Роан не постеснялась провести острым когтем по краю чувствительного ареола, царапая кожу и чуть ли, не раня до крови. Но. Ощущения боли и дискомфорта не присутствовало. В голову Роан закрались совершенно сумасшедшие мысли очень извращенного характера. Некие замашки ее бывшей любовницы она все же взяла на заметку.
Правая рука оригинального тела двинулась вниз по бедрам, касаясь плотно сжатого колечка мышц. Без какой-либо подготовки, ДС в ее настоящем теле без жалости на полную амплитуду засунула сначала один, а потом и три пальца. Ощущения были не просто слабыми, они казались никакими.
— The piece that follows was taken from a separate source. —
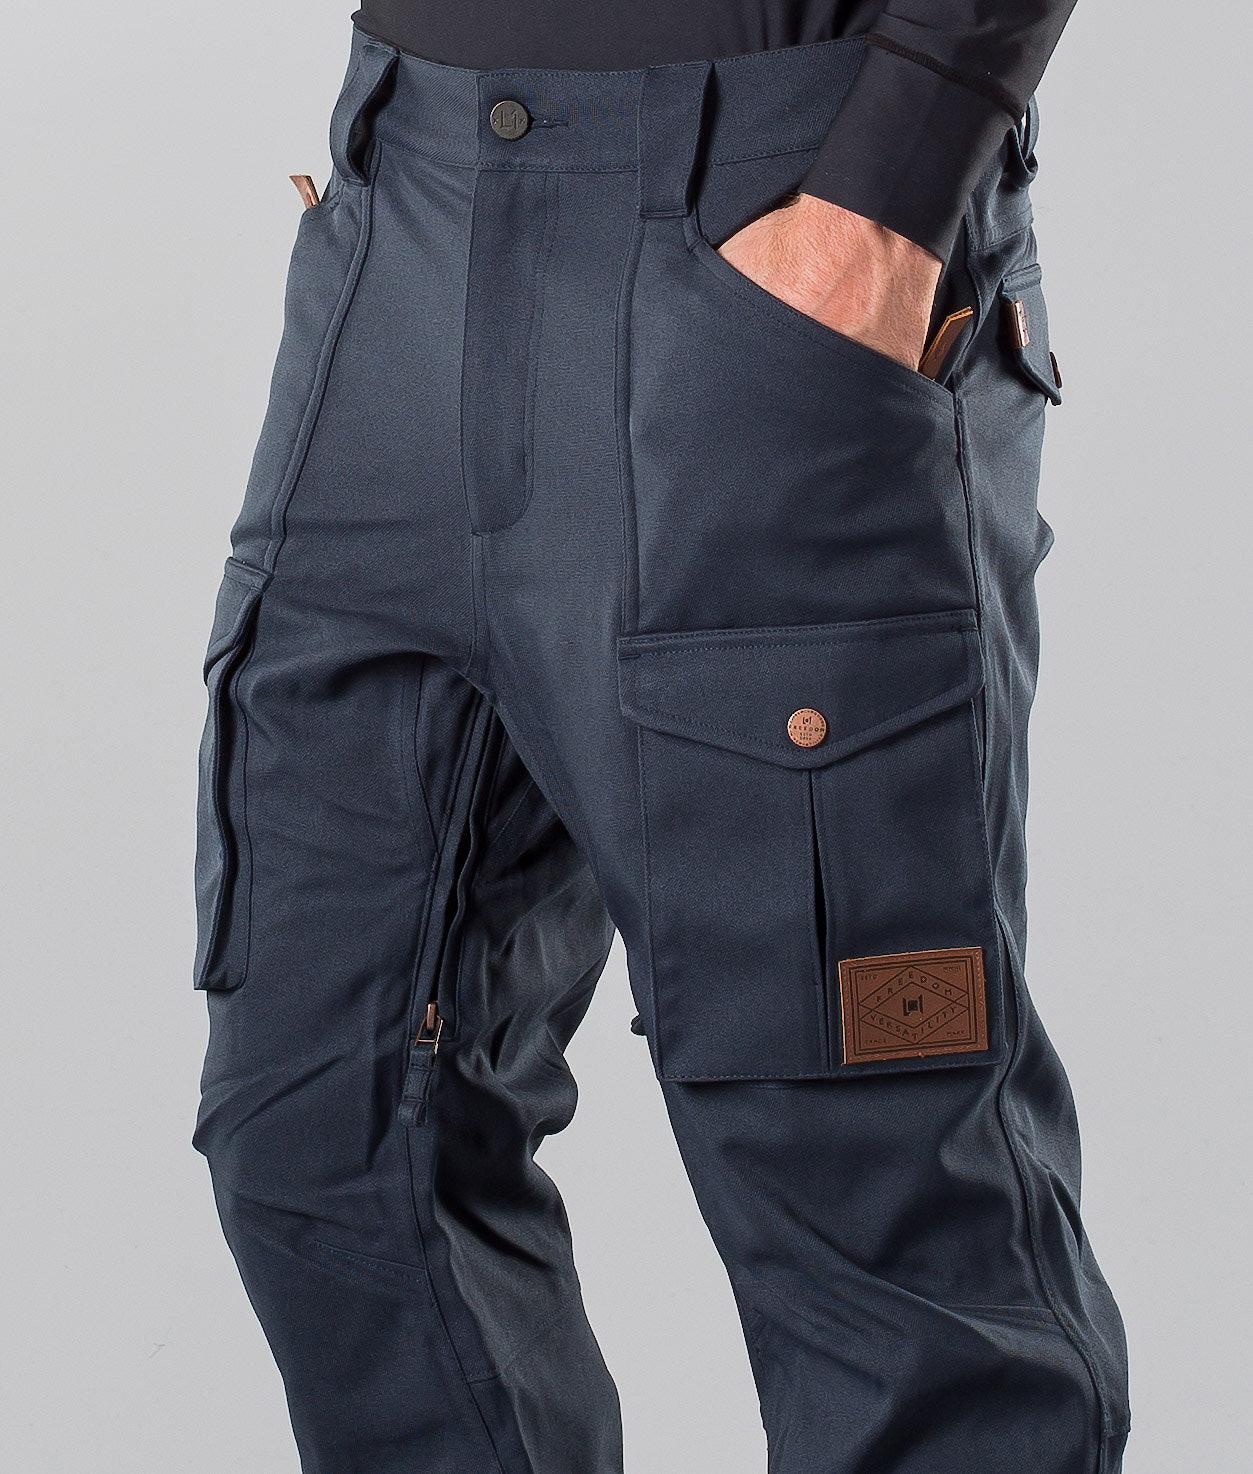 2dcd667c L1 Slim Cargo Snow Pants Ink - Ridestore.com
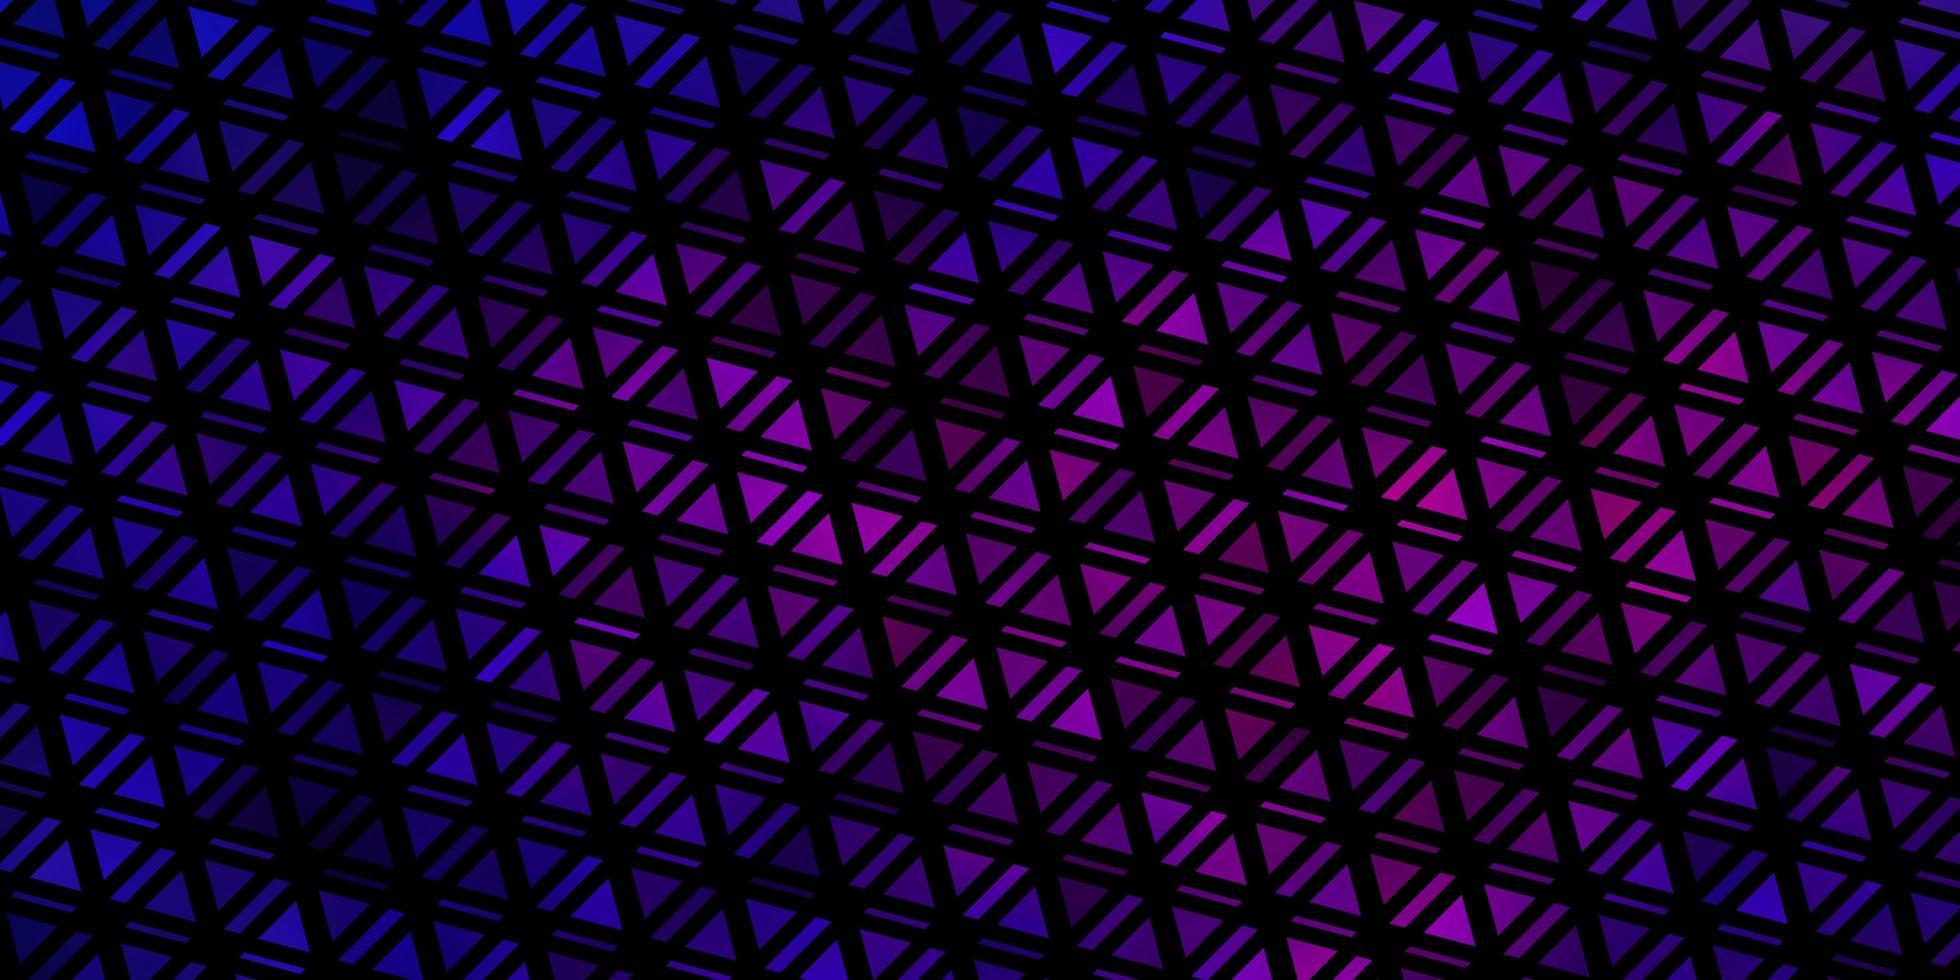 hellblaues, rotes Vektormuster mit polygonalem Stil. vektor

Например, когда Акира впервые играла с ее задним проходом без моральной подготовки Роан, без должной смазки и без профессионального навыка, на любительском энтузиазме, ощущения были крайне далеки от «приятных» или хотя бы их подобия. Ощущение было такое, словно в тебя засовывают что-то непомерно большое, твой живот стягивается в узел, и ты ощущаешь настоящий дискомфорт. Это не боль, это дискомфорт.
Впрочем, стоит отметить, что когда ее разум расслабился от всяческих экспериментов и мыслей, покоя не пришлось. Стоило мыслям утихнуть, как в голову начали стучаться странные позывы. Ощущение жажды, хотя горло и было влажное, странное слюноотделение и зов прильнуть к пульсирующей сонной артерии на теле под ней. Роан, зная всю подноготную такого поведения, решила последовать за инстинктом. Развернувшись на живот, и подняв вампирское тело над своим оригинальным, она невольно немного залюбовалась своим же лицом.
Нарциссизм не был свойственен Роан по одной простой причине. Тело Наруто Узумаки было ей чуждым. Глубоко внутри сознания все еще сидел злобный, мерзкий паразит собственного уничижения по поводу внешности. Когда была обретена форма этой красивой блондинки, мысли и восприятие было не подобным «Это я такая красивая», а «Тело, принадлежащее мне, красивое». Форма нарциссизма, рассматривающего свои тела как предмет собственного обожания.
Впрочем, вампирский инстинкт не дал ей долго рассматривать это точеное лицо. Склонившись к шее, Роан знала куда надо кусать, ибо хорошо выучила анатомию как собственного тела, так и общечеловеческого. Но впадать в вампирские крайности и дырявить шею ей не хотелось. Не по причине шрамирования или чего-то еще, нет, по причине того, что положение и метод был неудобным.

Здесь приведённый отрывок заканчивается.